▶ _Your assignment_: Begin at the line containing "part of it all." in the records below, end at the line containing "#intimatewedding #microwedding #weddingvenue", and retype each line in that span exactly. No other line and no image should appear.

▶ _Study material_:
________

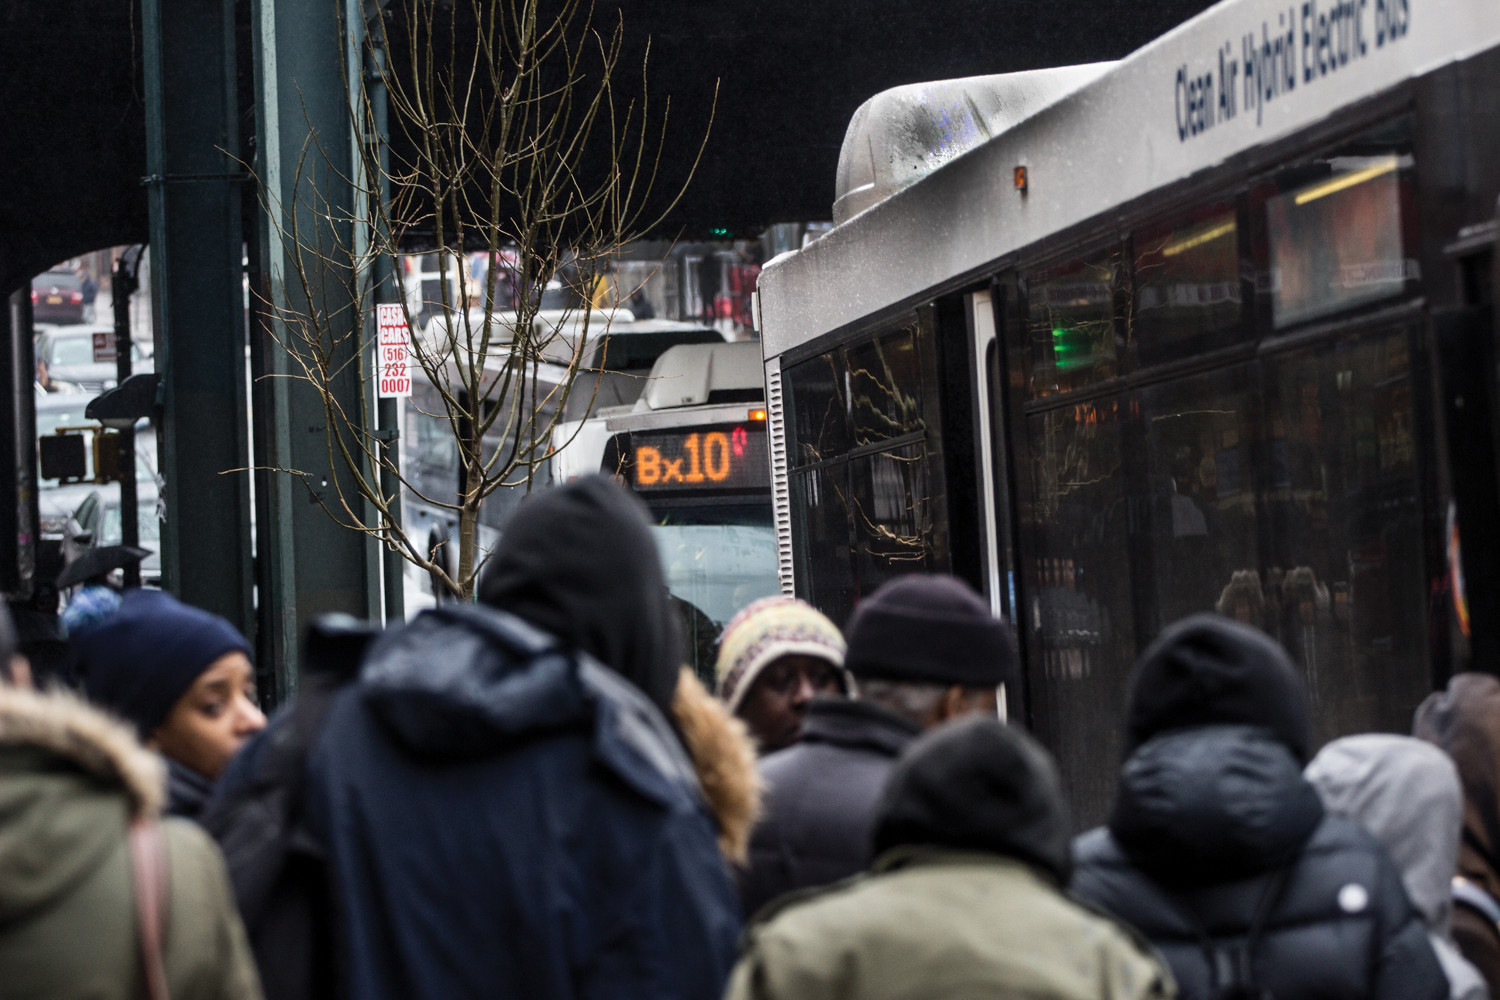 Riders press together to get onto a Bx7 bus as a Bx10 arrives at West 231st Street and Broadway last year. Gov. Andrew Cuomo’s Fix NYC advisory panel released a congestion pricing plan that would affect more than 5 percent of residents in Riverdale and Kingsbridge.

________

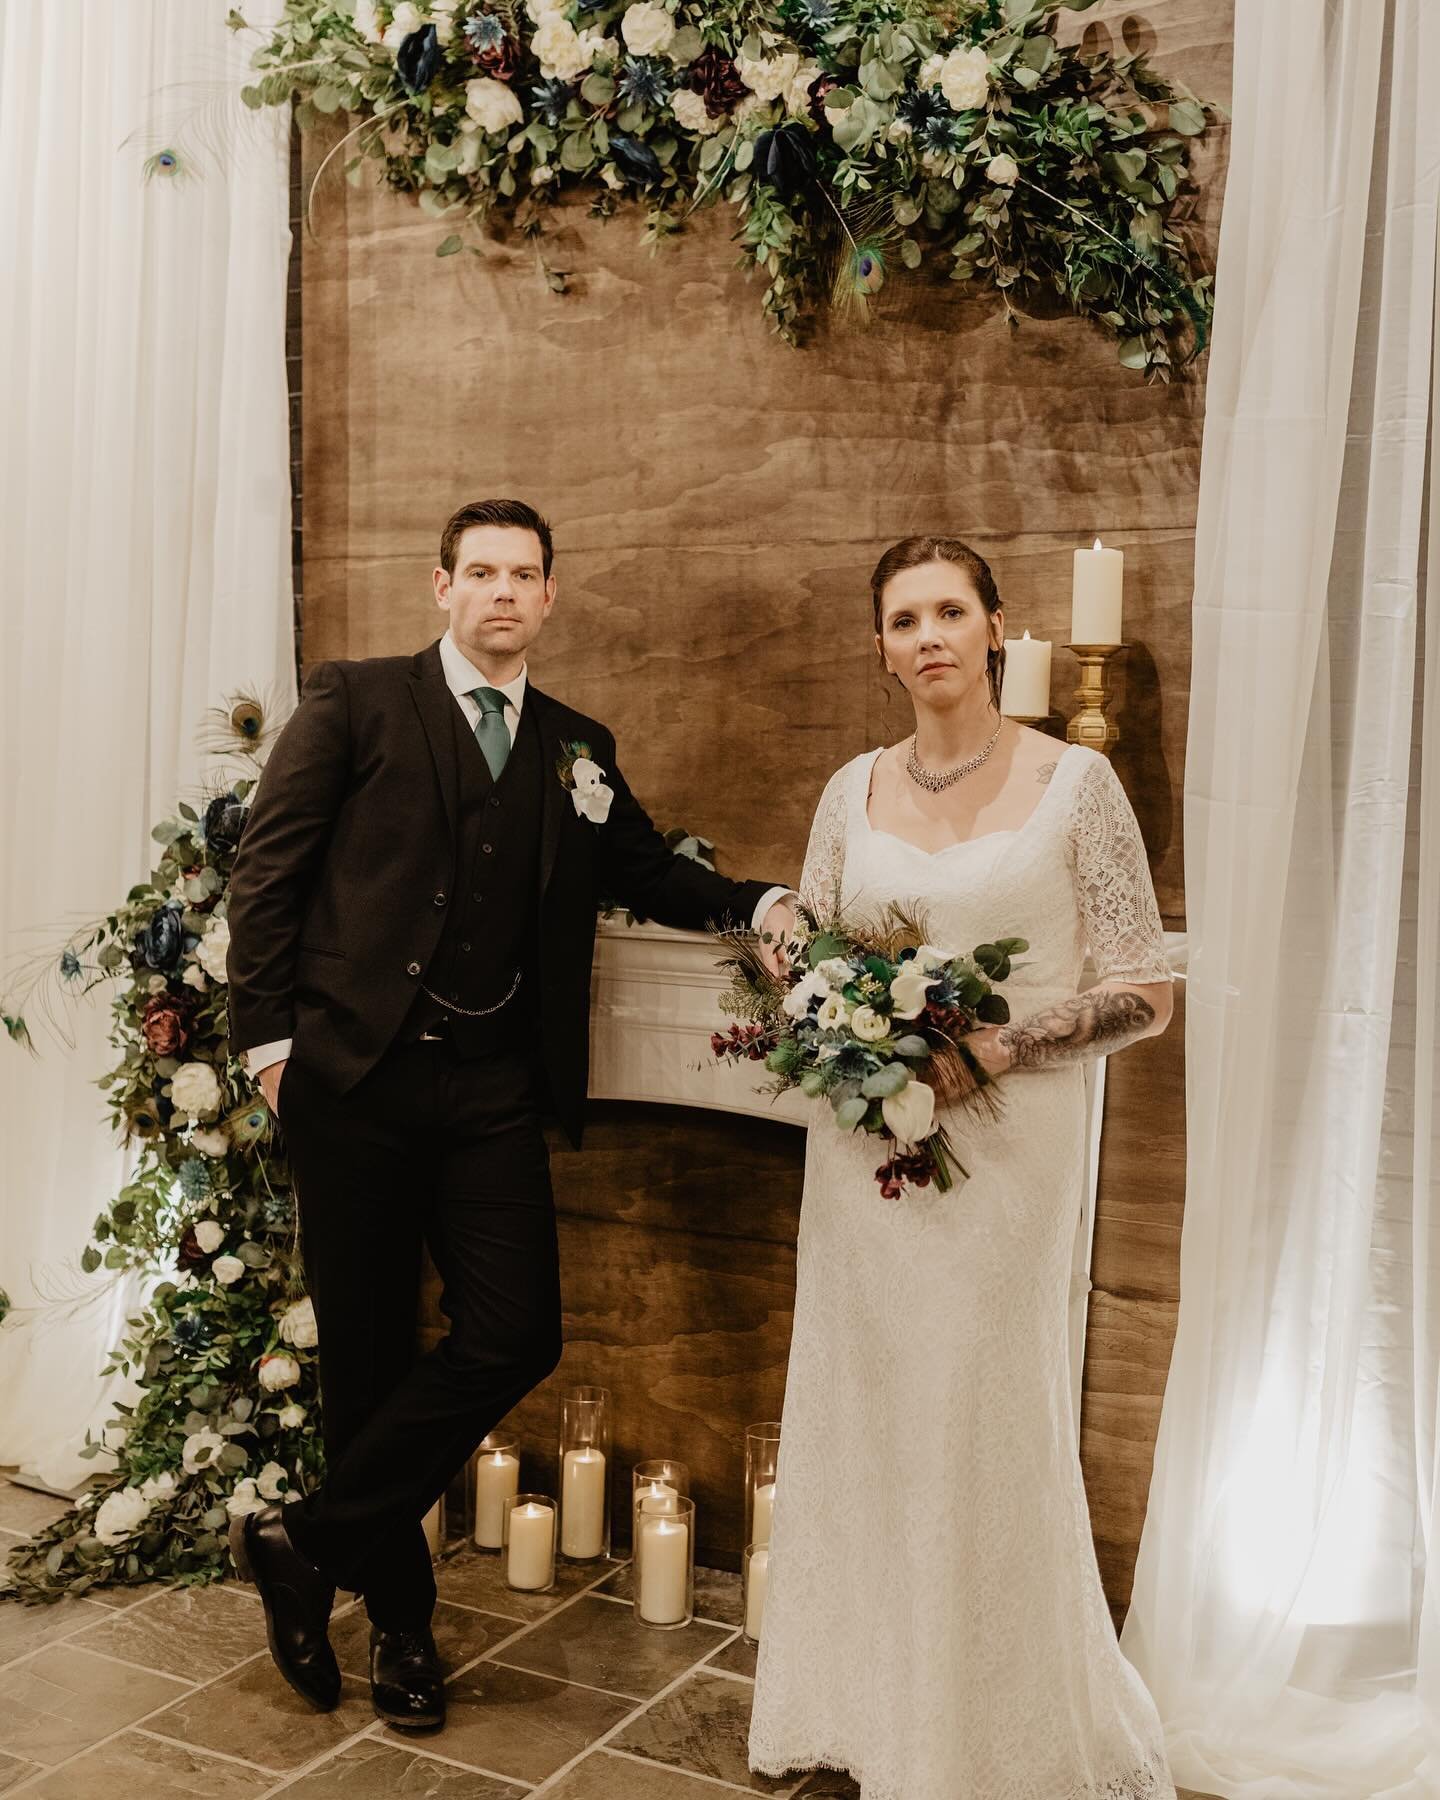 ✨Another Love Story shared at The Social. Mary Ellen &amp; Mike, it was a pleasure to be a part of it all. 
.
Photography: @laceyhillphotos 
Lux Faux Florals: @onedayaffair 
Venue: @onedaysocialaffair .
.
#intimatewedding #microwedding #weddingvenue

________

▶ _Exercise solution_:
 ✨Another Love Story shared at The Social. Mary Ellen &amp; Mike, it was a pleasure to be a part of it all. 
.
Photography: @laceyhillphotos 
Lux Faux Florals: @onedayaffair 
Venue: @onedaysocialaffair .
.
#intimatewedding #microwedding #weddingvenue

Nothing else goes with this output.